Aún era de noche cerrada cuando el barracón se llenó de ruidos metálicos, los de armas y correajes en el silencio de cien hombres que aguantan la respiración. Su nombre fue el tercero.

Se levantó sin pensar, sin mirar a nadie, a ninguna parte. Se ajustó la ropa, con la aberrante idea de estar presentable y se alineó con los demás. Como siempre, nadie se movió. Siempre había fantaseado con la idea de una de esas veces, cuando vinieran a hacer la saca, amotinarse; lanzarse todos a la vez contra los guardianes y los guardias civiles, quitarles  los mosquetones y salir de allí a tiros. Habría sido fácil levantar a todo el campo. Habrían muerto algunos, muchos a lo mejor, pero ellos eran más. Qué cojones, todos eran soldados, había que hacerlo; lo harían.

Pero los prisioneros no hacen eso, entonces lo supo.

Nunca sería capaz de recordar el camino que siguieron hasta los terraplenes, ni en qué pensaba, ni si pensó algo.

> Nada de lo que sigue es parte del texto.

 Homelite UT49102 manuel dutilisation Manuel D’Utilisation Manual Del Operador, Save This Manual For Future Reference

Sólo cuando se encontró junto a otros once presos a la luz de los faros de un camión, miró a su alrededor, como despertando.

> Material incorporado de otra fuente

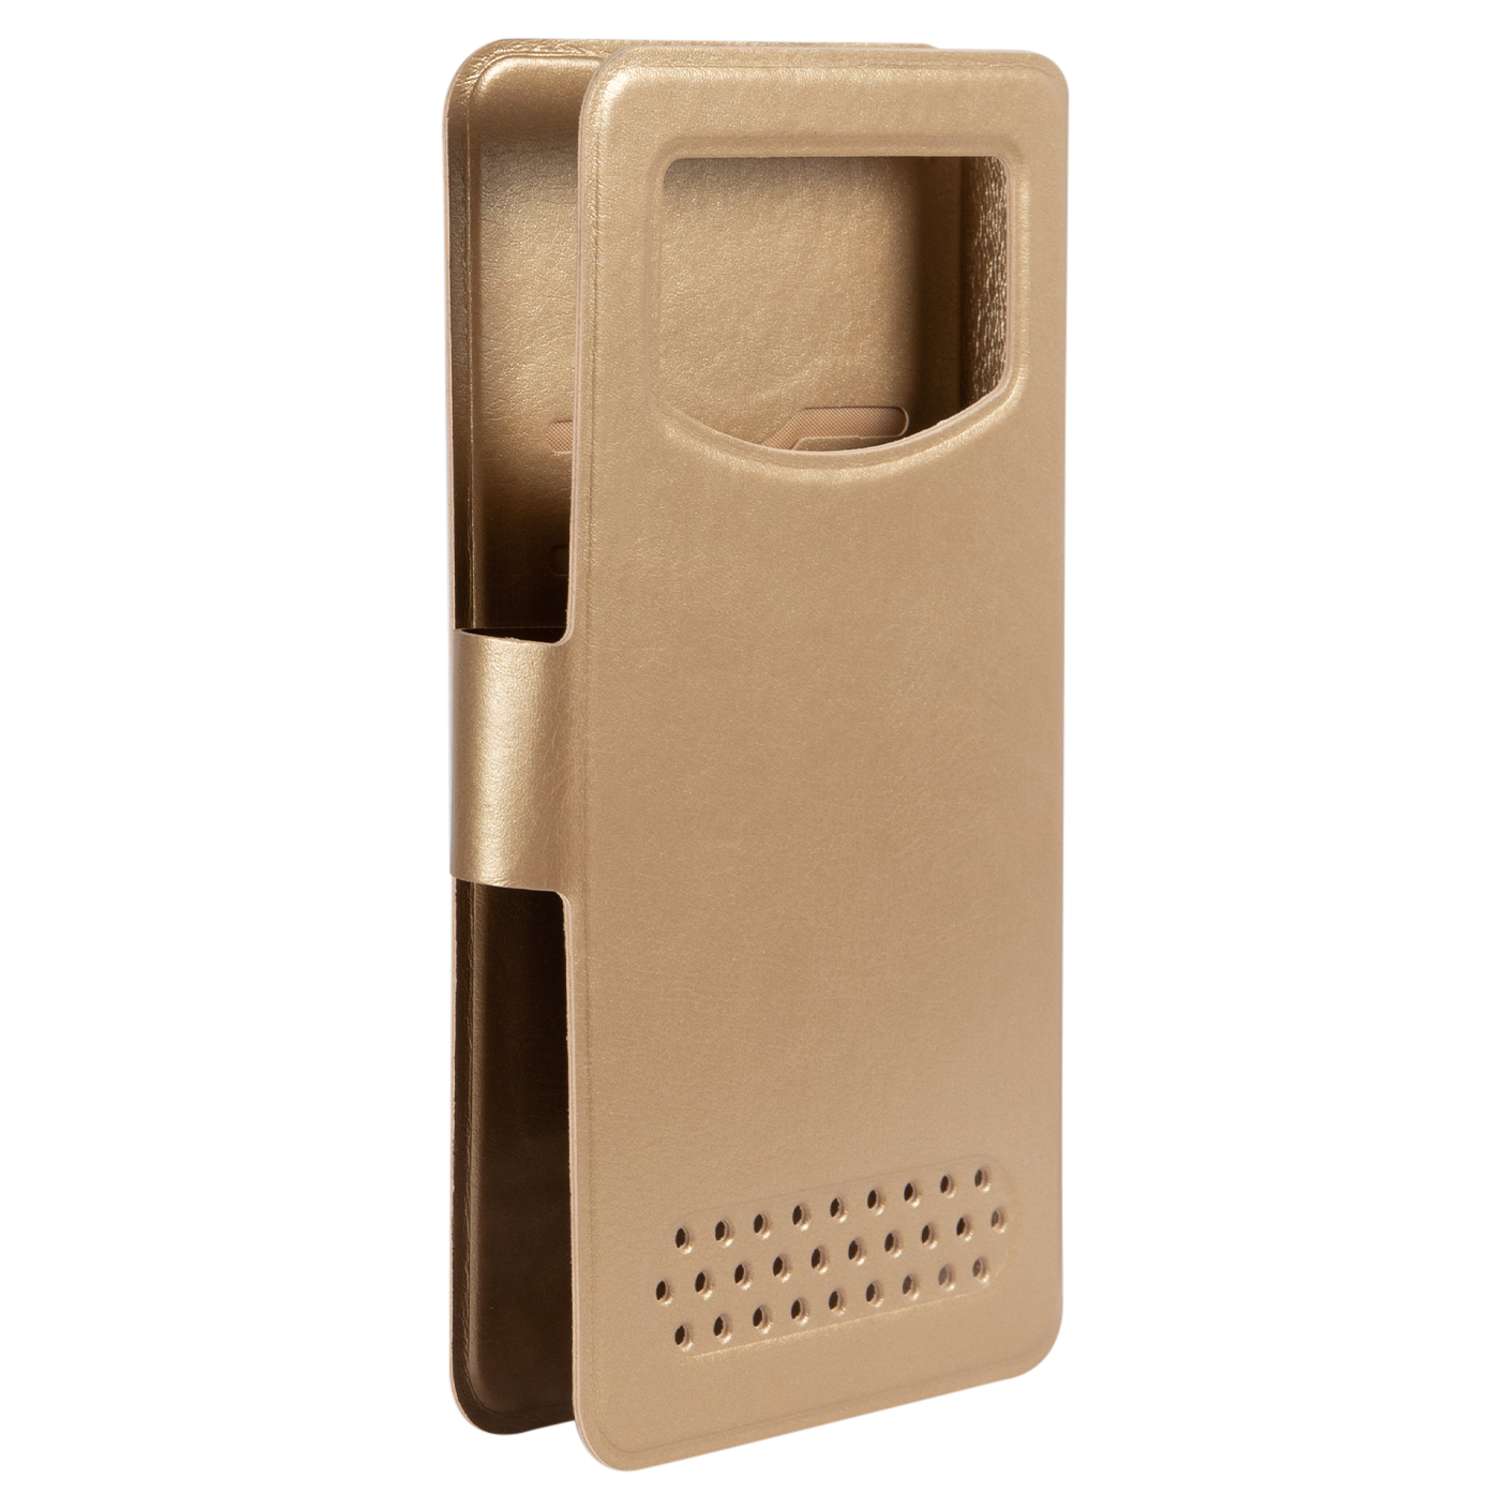 Чехол универсальный iBox Universal для телефонов 5-6 дюйма золотой - фото 3

Había un cura joven, que no conocía, con un libro en la mano. Lo miró. Dijo algo, pero tenía la boca tan seca que las palabras no salían. El cura se le acercó, le preguntó algo que no entendió. Méndez estaba desesperado, como en una pesadilla en que tu salvación depende de gritar y no puedes, porque no tienes voz. El cura volvió a abrir y cerrar la boca, pero él parecía haberse quedado sordo además de mudo. Por fin, consiguió escucharse a sí mismo:

-- Llame al páter.

Y Fin

14/6/10

Banderas victoriosas 11.

 

11.

El Ingeniero no había perdido el tiempo, todo hay que decirlo. No había vuelto a ver a Bocanegra desde que llegaron al campo, y se dedicó a localizarlo sin llamar la atención; cosa no tan fácil, aunque fueran varios miles de prisioneros, no sabía cuántos. Se decía que era pura curiosidad, que el cura le había despertado el interés por el personaje. Bueno. en todo caso, pasara lo que pasara, nada perdía con tenerlo controlado; al menos, saber en qué barracón estaba.

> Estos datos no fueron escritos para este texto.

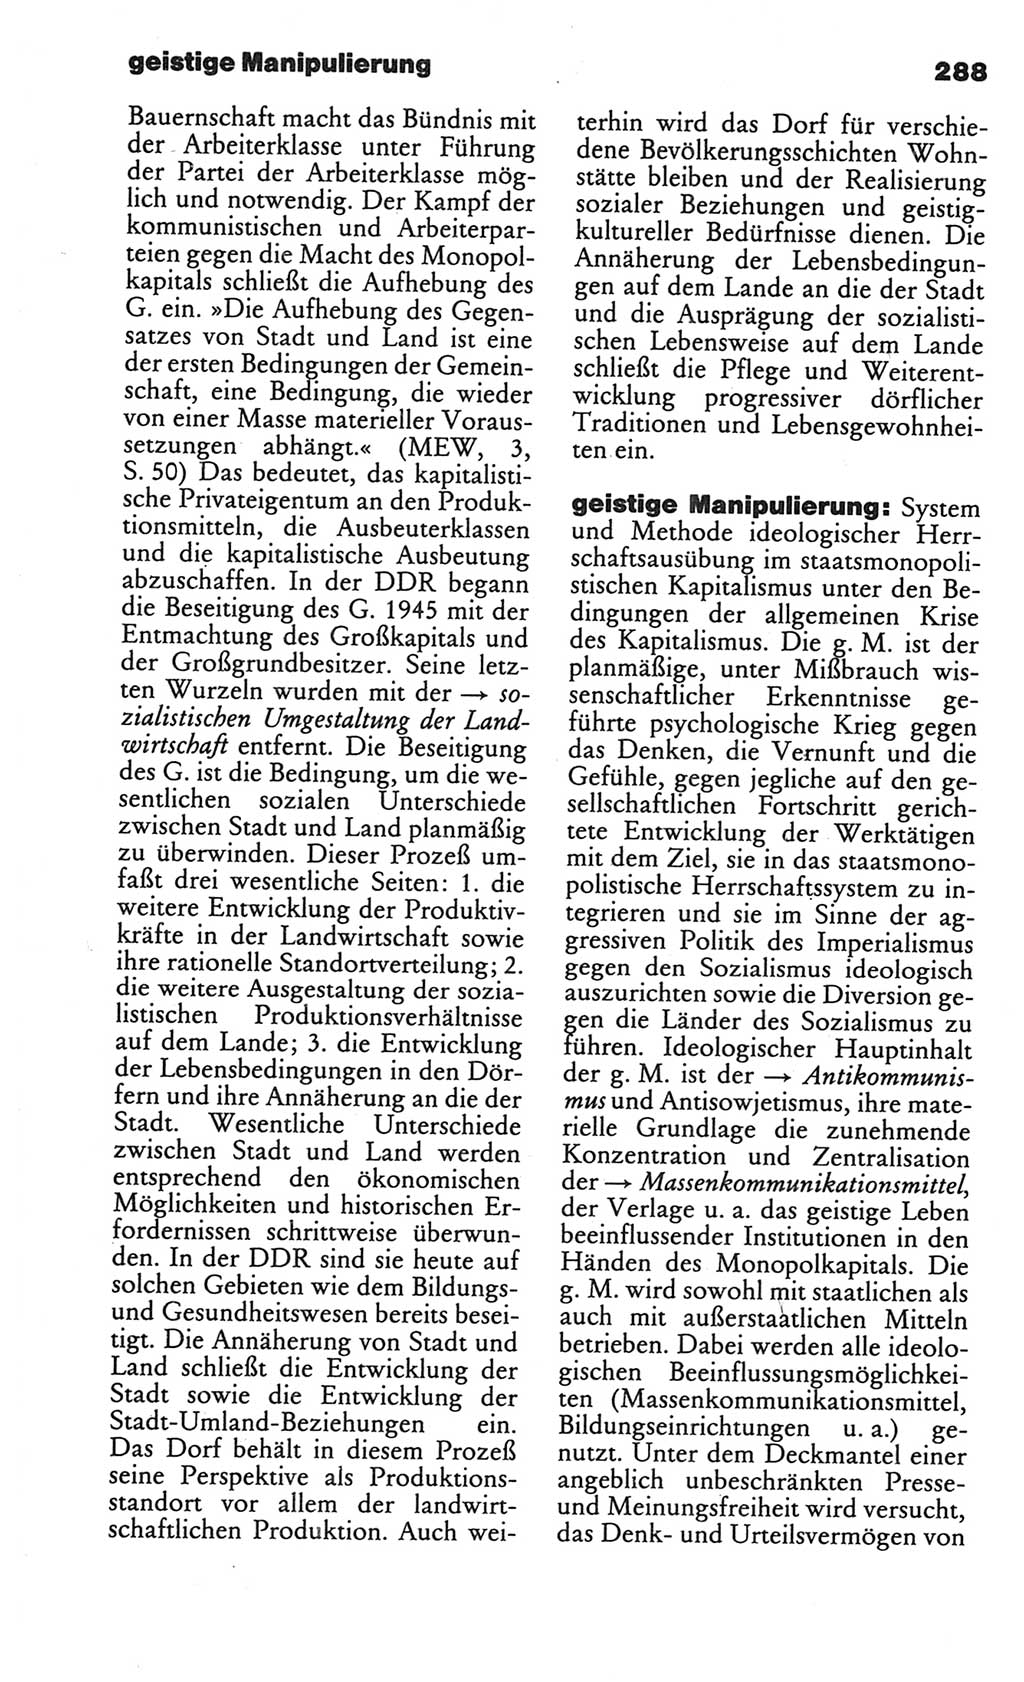 Kleines politisches Wörterbuch [Deutsche Demokratische Republik (DDR)] 1986, Seite 288 (Kl. pol. Wb. DDR 1986, S. 288)

Y lo localizó. Quieras que no, era perro viejo y conocía a mucha gente. Lo que no quería era cruzar con él ni una mirada. Quería olvidar lo del tren. Todos querían olvidar aquel viaje en tren, cuando no eran hombres; pero él tenía sus propios motivos. Prefería concentrarse en que el tal Bocanegra era un exponente de lo peor del lumpen, recordar cuando él mismo había estado a punto de pegarle cuatro tiros. También intentaba recordar cuando él –Méndez- era un proletario consciente, o sea, que tenía consciencia de clase y leía libros y tal. Aunque verte a tí mismo como proletario consciente mientras ayudas a un cura a decir misa y tratas de borrar de tu mente en qué barracón está un tipo concreto, no es tan fácil como parece. También es verdad que sabía de sobra lo que le podía pasar si cantaba y alguien se enteraba. Eso era una ayuda, claro: puestos a morir, prefería morir ante el pelotón de fusilamiento y quedar bien, que ahogado por la noche o vete a saber cómo, como mueren los bocazas. El cabrón del páter parecía que le leía el pensamiento mientras le ayudaba a quitarse la casulla.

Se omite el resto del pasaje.